US 11,922,932 B2
Minimum word error rate training for attention-based sequence-to-sequence models
Rohit Prakash Prabhavalkar, Palo Alto, CA (US); Tara N. Sainath, Jersey City, NJ (US); Yonghui Wu, Fremont, CA (US); Patrick An Phu Nguyen, Mountain View, CA (US); Zhifeng Chen, Sunnyvale, CA (US); Chung-Cheng Chiu, Sunnyvale, CA (US); and Anjuli Patricia Kannan, Berkeley, CA (US)
Assigned to Google LLC, Mountain View, CA (US)
Filed by Google LLC, Mountain View, CA (US)
Filed on Mar. 31, 2023, as Appl. No. 18/194,586.
Application 18/194,586 is a continuation of application No. 17/443,557, filed on Jul. 27, 2021, granted, now 11,646,019.
Application 17/443,557 is a continuation of application No. 16/529,252, filed on Aug. 1, 2019, granted, now 11,107,463, issued on Aug. 31, 2021.
Claims priority of provisional application 62/713,332, filed on Aug. 1, 2018.
Prior Publication US 2023/0237995 A1, Jul. 27, 2023
Int. Cl. G10L 15/197 (2013.01); G10L 15/02 (2006.01); G10L 15/06 (2013.01); G10L 15/16 (2006.01); G10L 15/22 (2006.01)

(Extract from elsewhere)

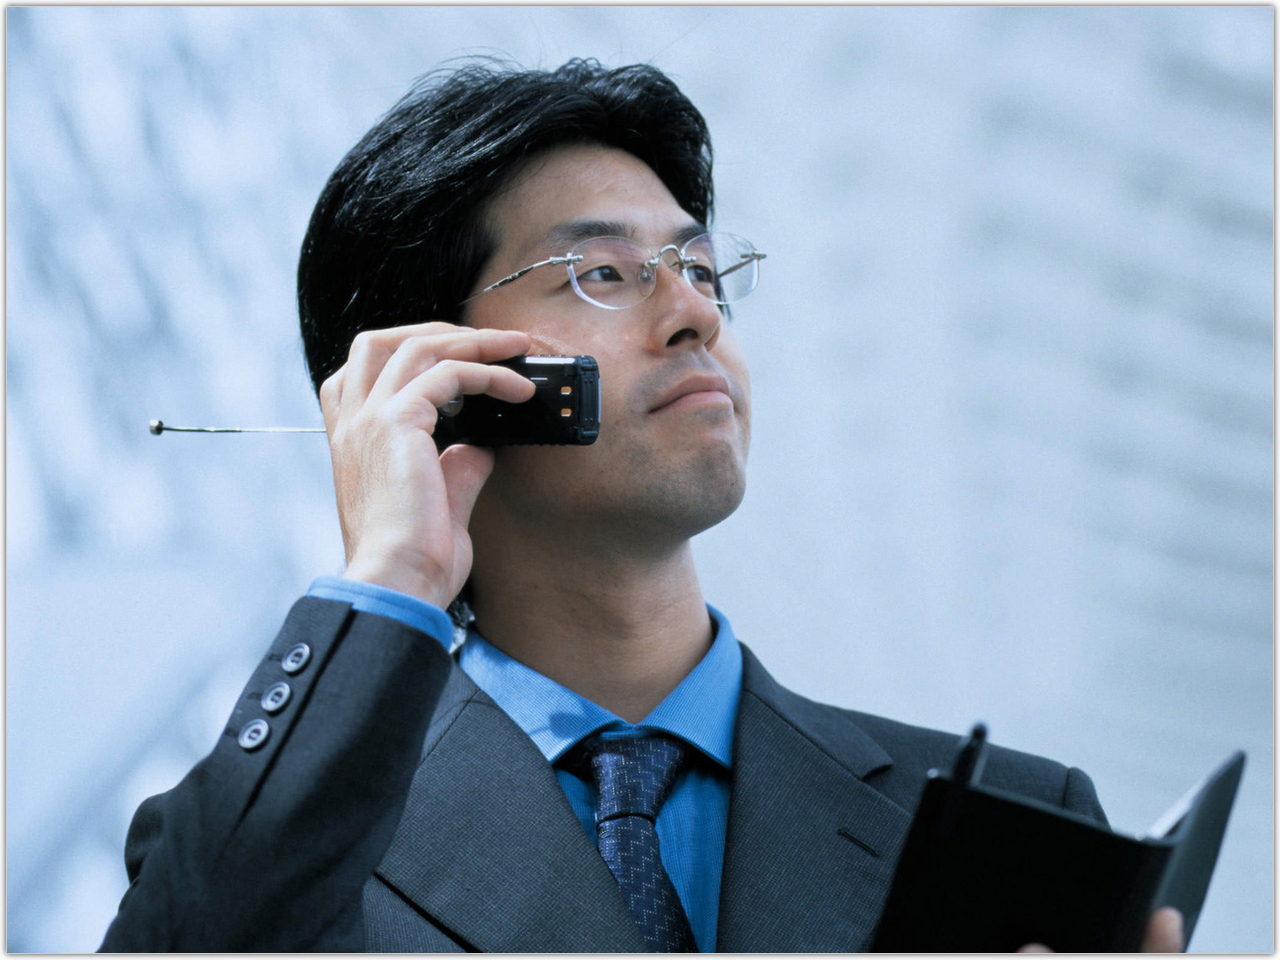 男性が東京は渋谷区の税理士事務所の採用情報を問い合わせているイメージ。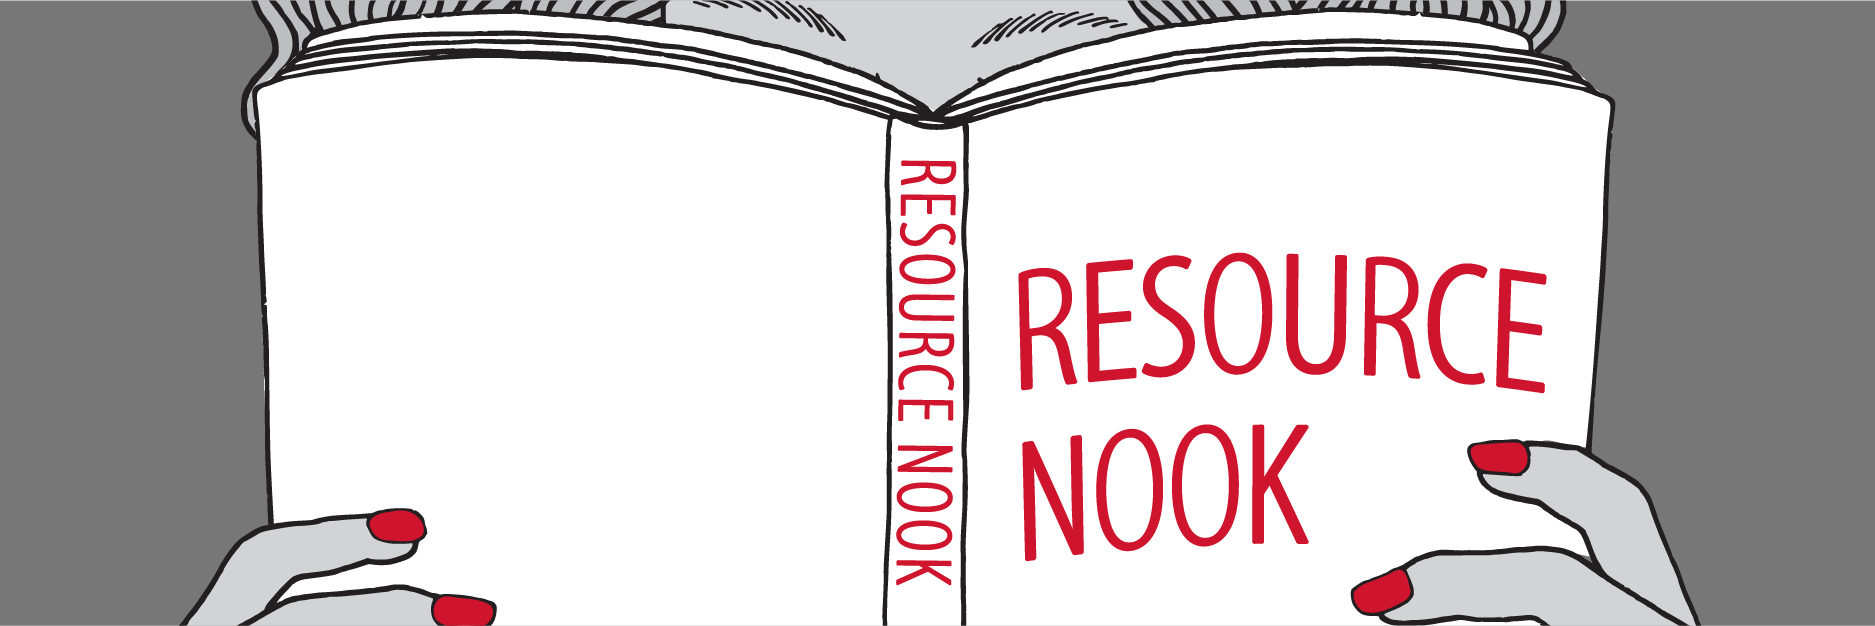 Resource Nook

CPC G10L 15/197 (2013.01) [G10L 15/02 (2013.01); G10L 15/063 (2013.01); G10L 15/16 (2013.01); G10L 15/22 (2013.01); G10L 2015/025 (2013.01)] 20 Claims
OG exemplary drawing
 
1. A computer-implemented method executed on data processing hardware that causes the data processing hardware to perform operations comprising:
receiving a sequence of feature vectors indicative of acoustic characteristics of a training utterance;
receiving a ground-truth label sequence corresponding to the training utterance; and
training a speech recognition model to minimize word error rate by performing operations comprising:
processing, using the speech recognition model, the sequence of feature vectors to obtain a set of speech recognition hypothesis samples for the training utterance in a beam search;
for each speech recognition hypothesis sample in the set of speech recognition hypothesis samples, identifying a respective number of word errors relative to the ground-truth label sequence corresponding to the training utterance; and
approximating a loss function based on a combination of the respective numbers of word errors identified for each speech recognition hypothesis sample in the set of speech recognition hypothesis samples.